La grande nouvelle pour 2017, toutefois, c’est qu’Indian offre finalement un système audio et multimédia pour rivaliser avec le Boom Box 6.5GT qu’Harley propose sur ses baggers haut de gamme. C’est un système impressionnant avec écran facilement divisible, options multiples, système audio de 200 watts, etc. Selon Indian, l’écran tactile de 7 po est le plus grand et sa résolution de 800 x 480 pixels est la plus élevée de l’industrie. La chaîne audio est facile à contrôler grâce à ces interrupteurs à bascule bien pensés et bien placés sur les poignées de droite et de gauche. Le système offre de très nombreuses possibilités de personnalisation. Par exemple, on peut avoir la carte en plein écran ou diviser l’écran en deux et choisir les fonctions à afficher. En balayant l’écran du doigt, même avec un gant, on peut changer de mode et passer des informations sur la moto (pression des pneus, etc.) à celles sur l’environnement (dont l’altimètre, que l’on peut aussi remettre à zéro pour savoir de combien on a grimpé dans la journée). Lors de la démonstration, on nous a présenté une quantité hallucinante de possibilités…

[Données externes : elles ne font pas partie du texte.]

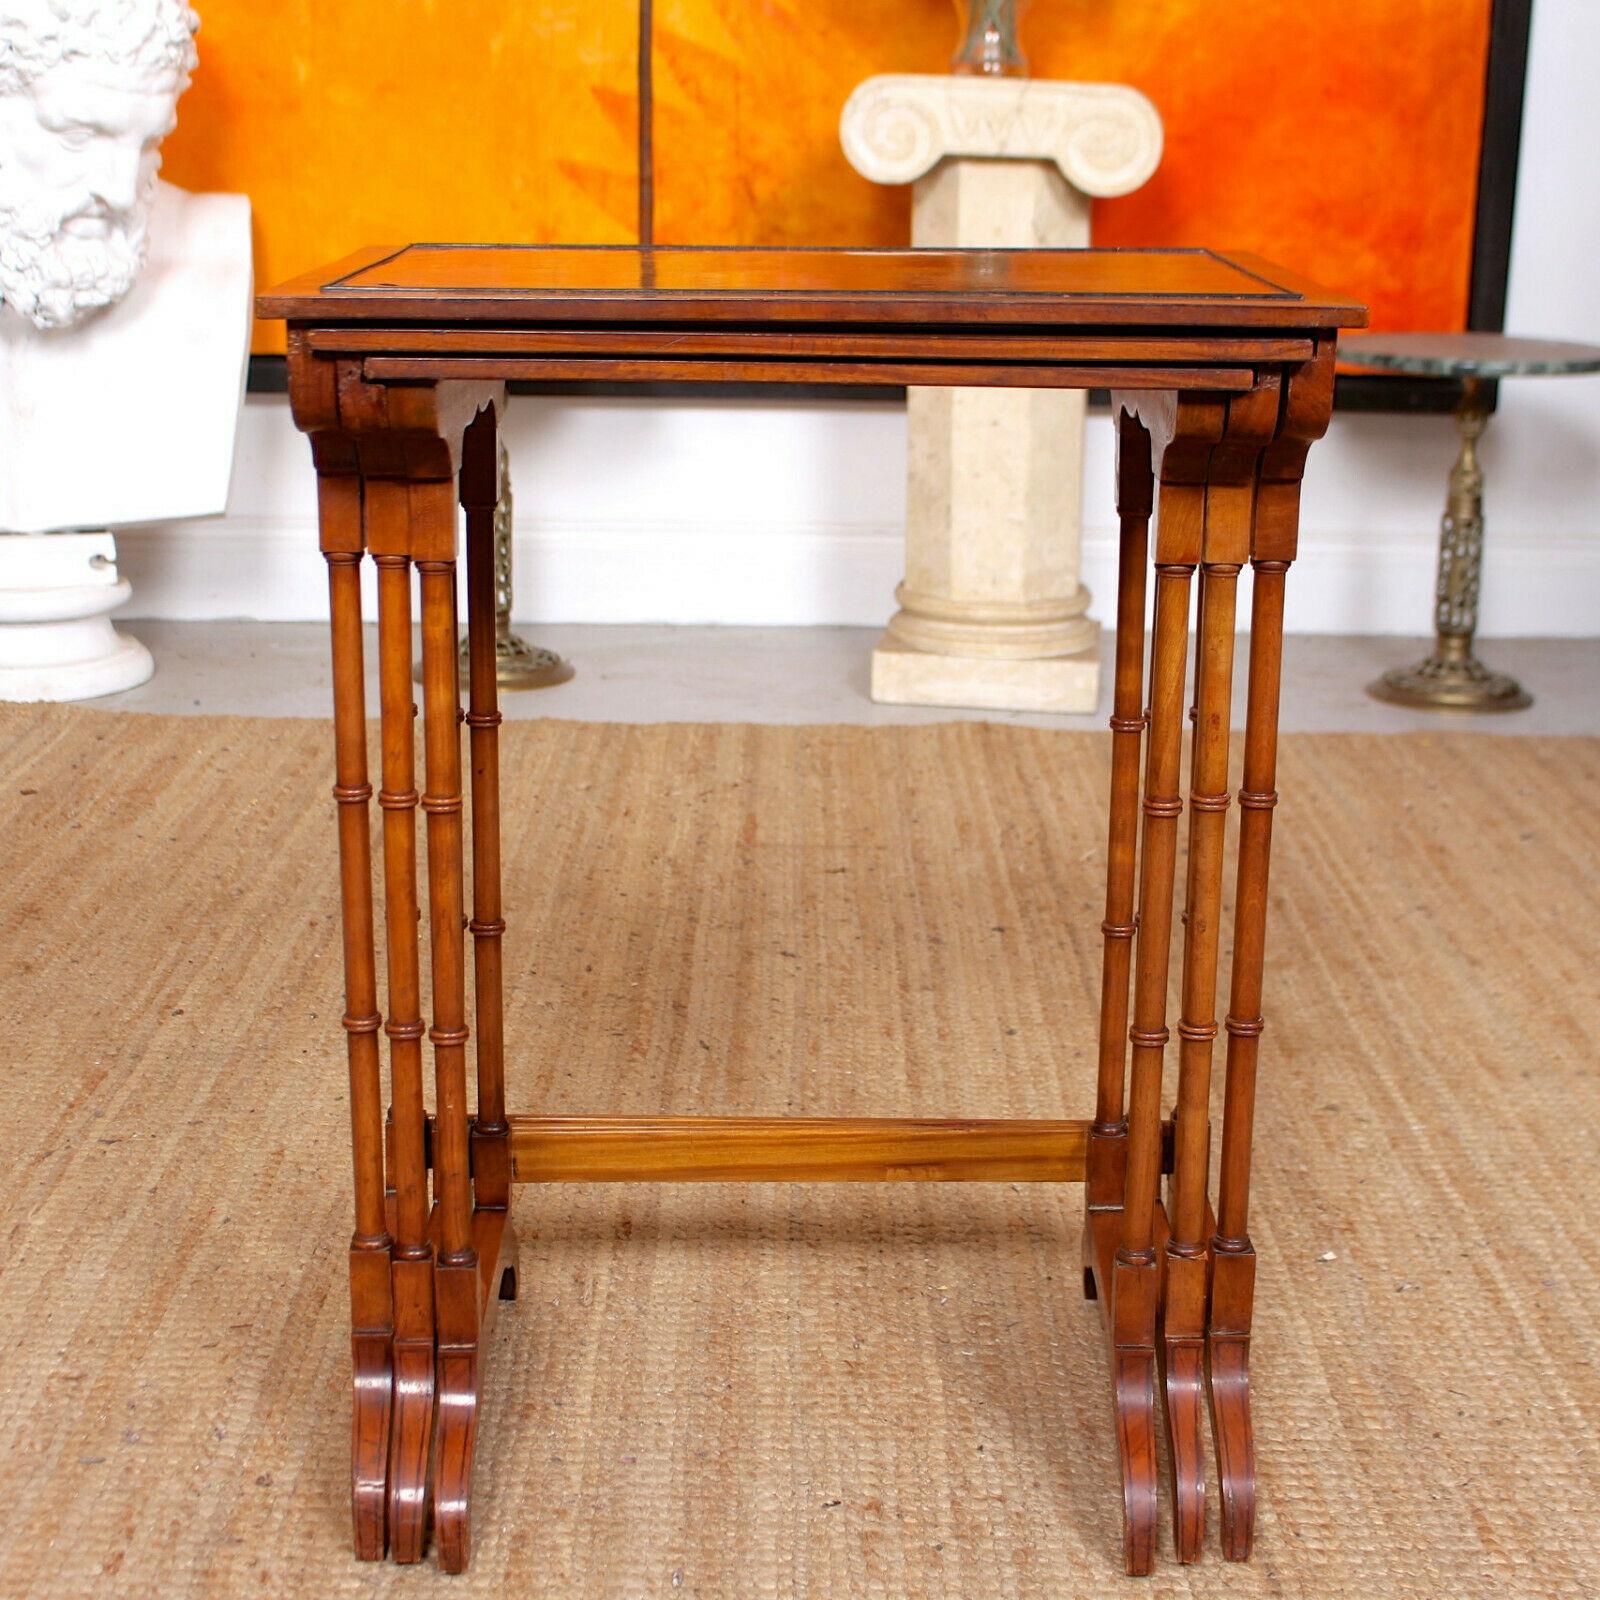 English Nest of Tables Satinwood Crossbanded 3 Side Tables Tall Georgian For Sale 6

Il y a un bémol, toutefois. J’ai essayé la Roadmaster 2017 environ six semaines avant sa sortie officielle (prévue pour le 26 juillet) et le système multimédia à écran tactile devait être la vedette du lancement. Malheureusement, il y avait encore certains bogues non résolus. Sur deux des motos, dont la mienne, le système a cessé de fonctionner complètement et quelques journalistes ont aussi souligné que la connexion Bluetooth avec les casques coupait fréquemment. Le maintien du lien avec les iPhone était particulièrement problématique. Quand il fonctionnait, ce système multimédia était extraordinaire. Il s’avérera probablement supérieur au Boom! de Harley… quand il sera au point.
Pas de problème du côté des autres dispositifs électroniques, par contre. Même à 130 km/h avec le pare-brise abaissé, la chaîne audio est assez puissante pour se faire bien entendre. Le régulateur de vitesse d’Indian est particulièrement réussi parce qu’il permet des décélérations en douceur, contrairement à la plupart des systèmes installés sur les motos. Quand on désengage le régulateur, les papillons d’admission se referment graduellement, ce qui évite la sensation de freinage. Cela peut sembler anodin, mais il s’agit tout de même d’une nette amélioration par rapport aux systèmes des concurrents.
Problème de surchauffe du mollet par temps chaud et bogues technologiques mis à part, la Roadmaster est une machine impressionnante. Elle affiche un look art déco légèrement excessif mais tout à fait dans le ton et son moteur est étonnamment sophistiqué pour un moulin qui n’a que quelques années de vie derrière lui. De plus, où qu’on l’examine, la Roadmaster affiche une qualité de construction élevée, tout à fait comparable à celle d’une Electra Glide.
Et, bien sûr, en pilotant une Roadmaster vous entrez dans une légende motocycliste que même 60 années d’absence n’ont pas réussi à estomper.
Les prix n’avaient pas été dévoilés au moment d’écrire ces lignes, mais attendez-vous à débourser environ 35 000 $. Les Roadmaster 2017 devraient être chez votre concessionnaire d’ici la fin de l’été.